Catholic universities and colleges in the United States have long occupied a distinct (and sometimes distinctly uncomfortable) position within the Catholic Church, part of the Catholic ecosystem, yet also independent of it. But now, that delicate balancing act may be undone as the weight of cultural pressures create a fissure between what the Catholic Church teaches and what Catholic universities practice.
The most recent example of these pressures was the surprise decision by the University of Notre Dame to restore contraceptive coverage in its employee and student health plans just days after announcing it would end such coverage under new rules issued by the Trump administration. Finally freed to duck the hated “contraceptive mandate,” the university realized that ending access to contraception for thousands of woman—many of whom aren’t even Catholic—was an epic PR blunder, which it admitted didn’t recognize “the plurality of religious and other convictions among its employees.”
A similar moment of cultural reckoning recently occurred at Georgetown University when two students accused a pro-“traditional” marriage group called Love Saxa of discriminating against LGBT students and asked the university to defund the organization. The students asserted that Love Saxa’s promotion of marriage as “a monogamous and permanent union between a man and a woman” ran afoul of the university’s rules for official student groups, which say that such groups can’t “foster hatred or intolerance of others because of their race, nationality, gender, religion or sexual preference.”
Amelia Irvine, the president of Love Saxa, had published a pro-abstinence before marriage op-ed in The Hoya, the Georgetown student newspaper, in which she asserted:
Love Saxa’s definition of marriage does not include same-sex couples, as we believe that marriage is a conjugal union on every level – emotional, spiritual, physical and mental – directed toward caring for biological children. To us, marriage is much more than commitment of love between two consenting adults.
An editorial in The Hoya said Irvine’s stance “fostered intolerance,” noting:
Marriage rights are vital to the LGBTQ community not only to enshrine equal rights, but also because of the tangible legal and financial benefits marriage allows in the United States, including tax benefits. Love Saxa’s advocacy of denying individuals’ rights on the basis of their sexual orientations is inherently intolerant. … Love Saxa’s constitution also identifies it as ‘a space [for students] to discuss their experiences of the harmful effects of a distorted view of human sexuality and the human person.’ By characterizing the LGBTQ experience as “a distorted view of human sexuality and the human person,” Love Saxa has codified a mission that is fundamentally intolerant and hateful.

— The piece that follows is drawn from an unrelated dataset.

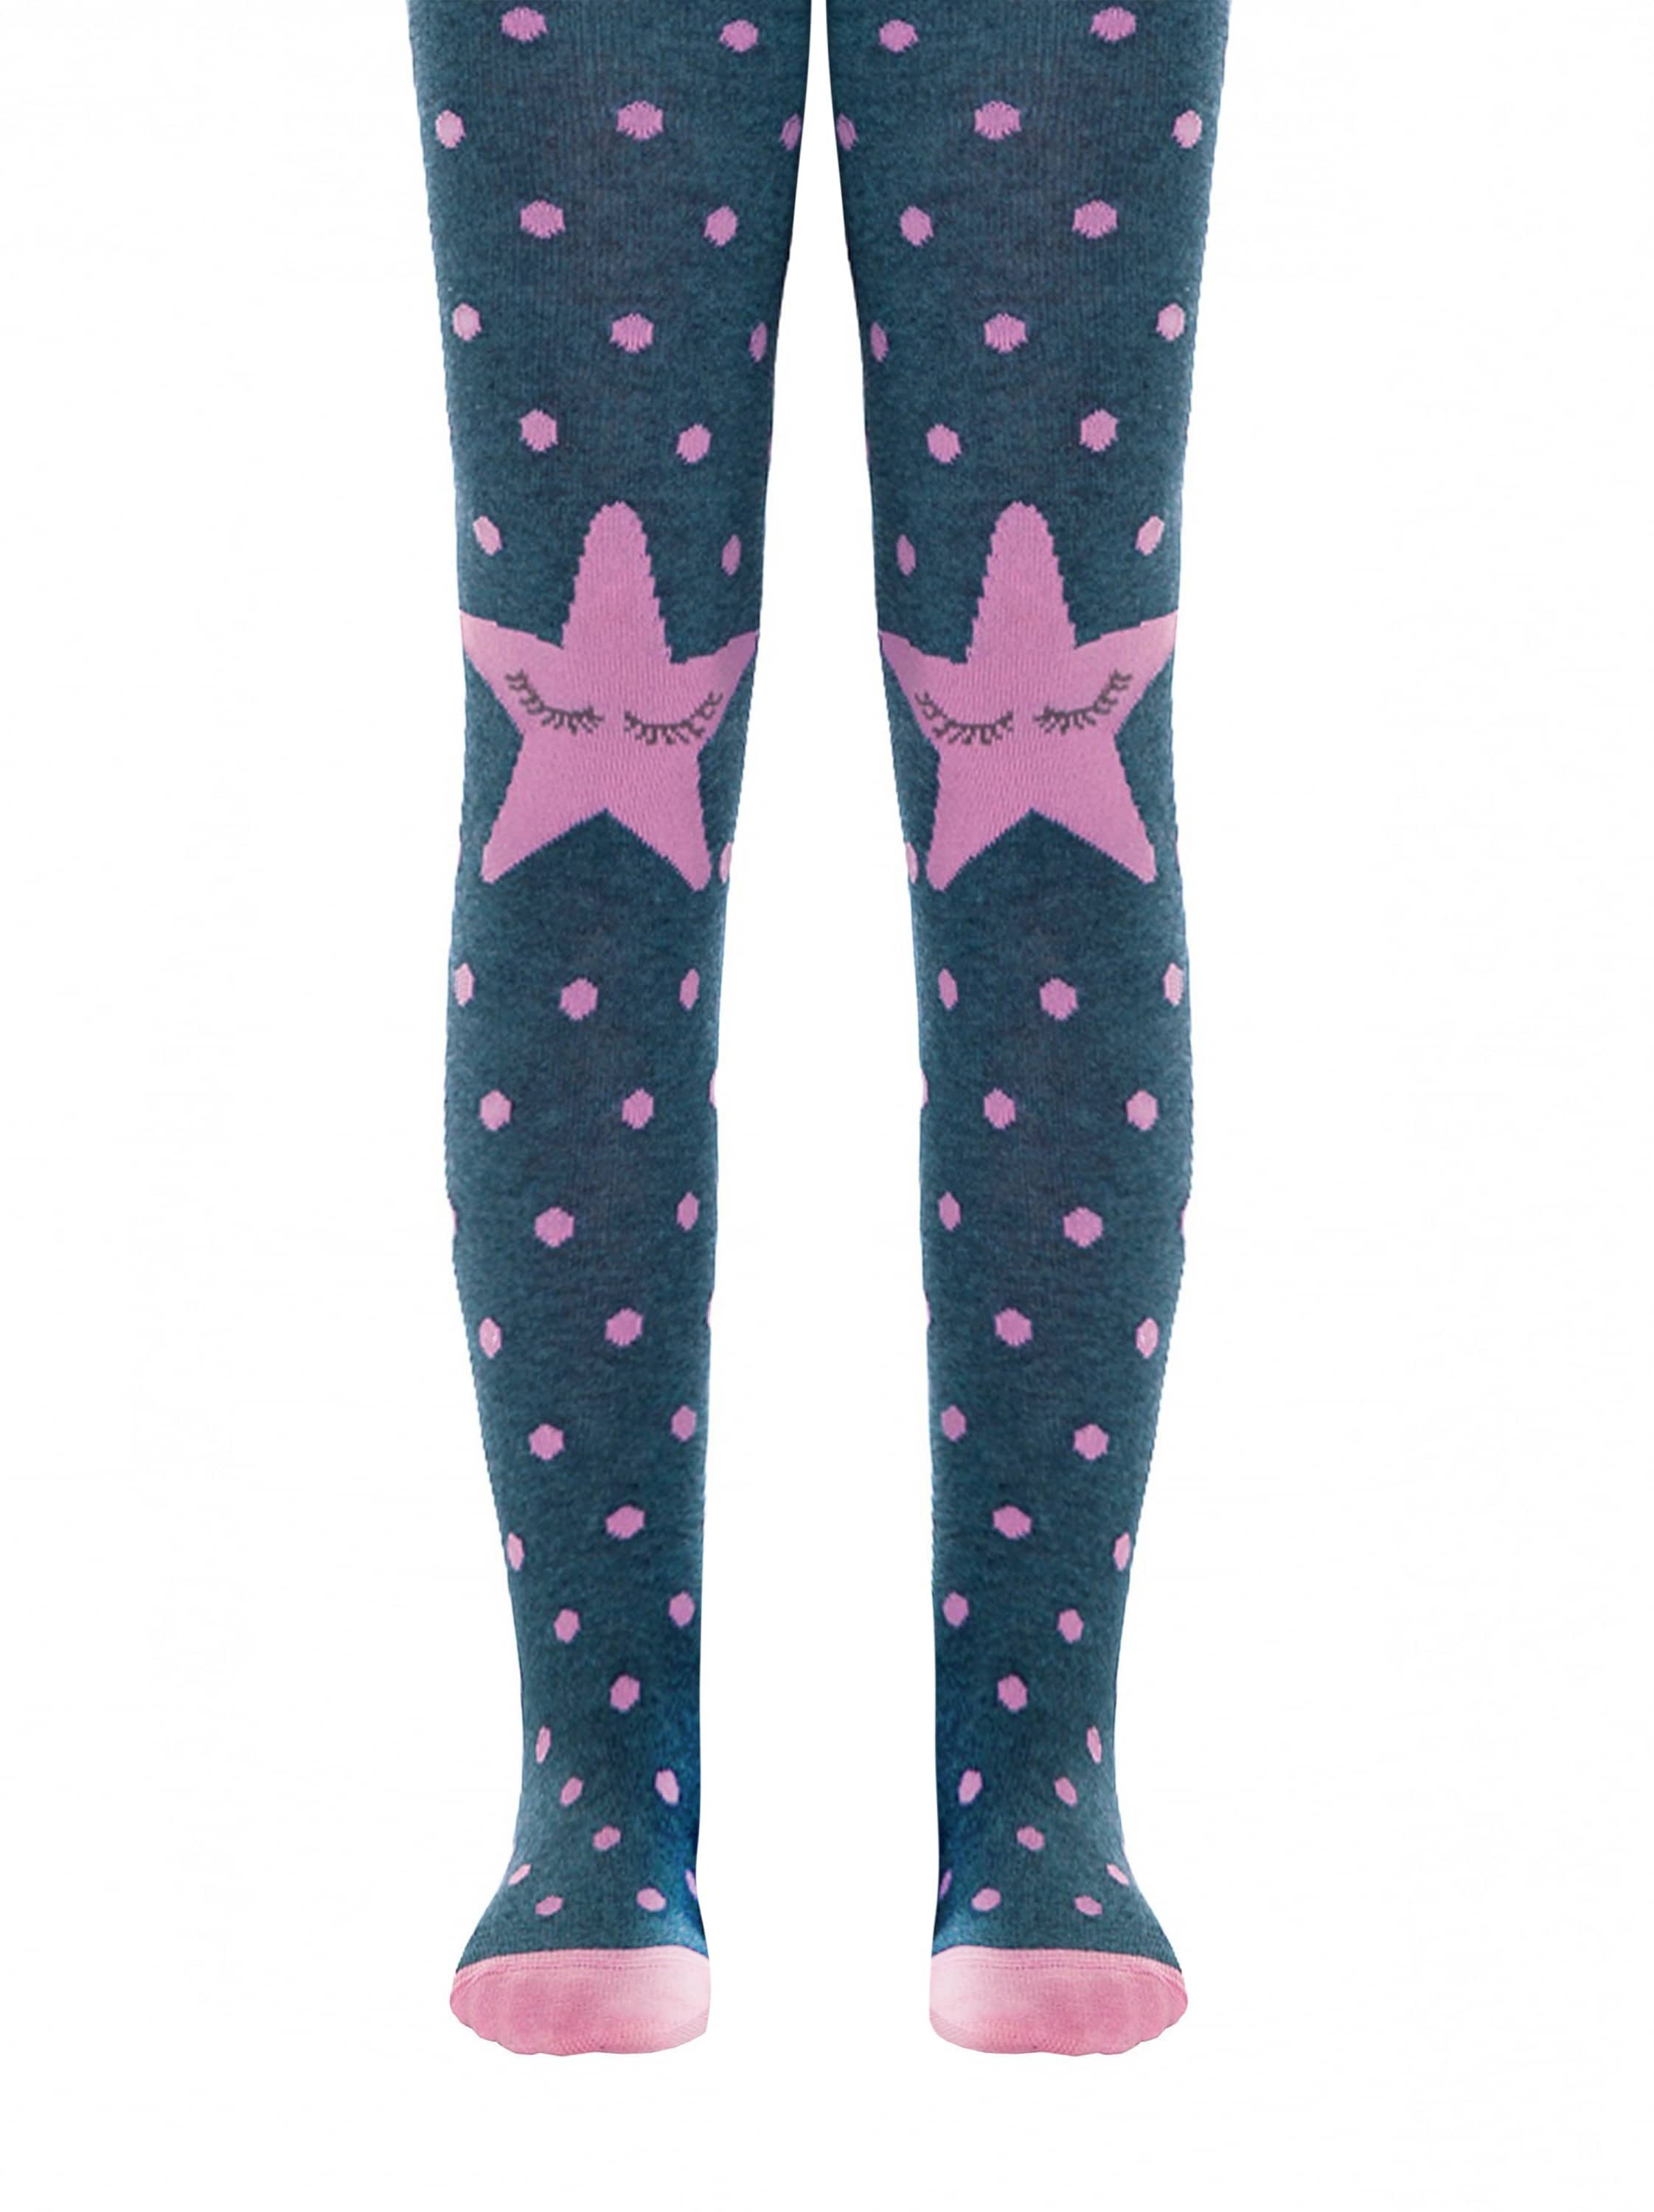 Hlačne nogavice iz bombaža za otroke s pikicami po hlačnici ter zvezdicama na kolenih Conte Kids STAR v modri barvi

The problem for Georgetown is that such intolerance of same-sex marriage is the official Catholic Church position, so it seems hard to see how they could discipline an organization for promoting what the Catholic Church teaches. As Love Saxa noted in a statement: “Our definition of ‘healthy relationships’ and ‘sexual integrity’ is synonymous with those of the Catholic Church, and therefore those of Georgetown University.”
When faced with the opposite conundrum by H*ya’s for Choice, a pro-choice student group that supports abortion rights in defiance of the Catholic Church’s position, the university responded by refusing to grant it official recognition, or any of the modest amount of university funding that such groups are allotted (about $250).
Love Saxa was defended by traditionalists such as Princeton’s Robert George, who said “there is something approaching absurdity in the idea that at a Catholic university a group ought to be defunded for upholding and teaching the idea of marriage and the principles of sexual morality upheld and taught by the Catholic Church.”
But it was also supported by Father James Martin, who has recently come under fire for his book supporting Catholic outreach to LGBT individuals, who told the Catholic News Agency:
Why should a student group that espouses Catholic teaching respectfully be defunded by a Catholic university? As long as Love Saxa treats LGBT people (both on campus and off campus) with ‘respect, compassion and sensitivity,’ as the Catechism requires, then they should be able to have their say on campus.
In the end, the Georgetown University Student Activities Committee voted 8-4 not to defund Love Saxa, which seems like the only decision the university could realistically make. Even if members of the committee believed that Love Saxa was intolerant, and by logical extension its position would lead to the suppression of homosexuality and homosexuals, it seems impossible that Georgetown could sanction an organization for supporting official church teaching.
Other high-profile Catholic universities have also come down on the side of Catholic teaching. Catholic University, which is the only officially Vatican-affiliated Catholic university in the United States, has repeatedly denied certification to CUAllies, an LGBT-rights student organization. When pressed for a reason, Catholic University President John Garvey told Teen Vogue that the university was committed to a “twofold approach” that both upheld the church’s teaching on “marriage and sexuality,” and its teaching “to treat gay and lesbian persons with respect, compassion, and sensitivity.”
But with Catholics strongly supporting both contraceptive access and same-sex marriage, increasingly Catholic universities may find that this two-step is insufficient to paper over the fundamental contradictions between Catholic teaching and accepted public morality and that a reckoning may be due.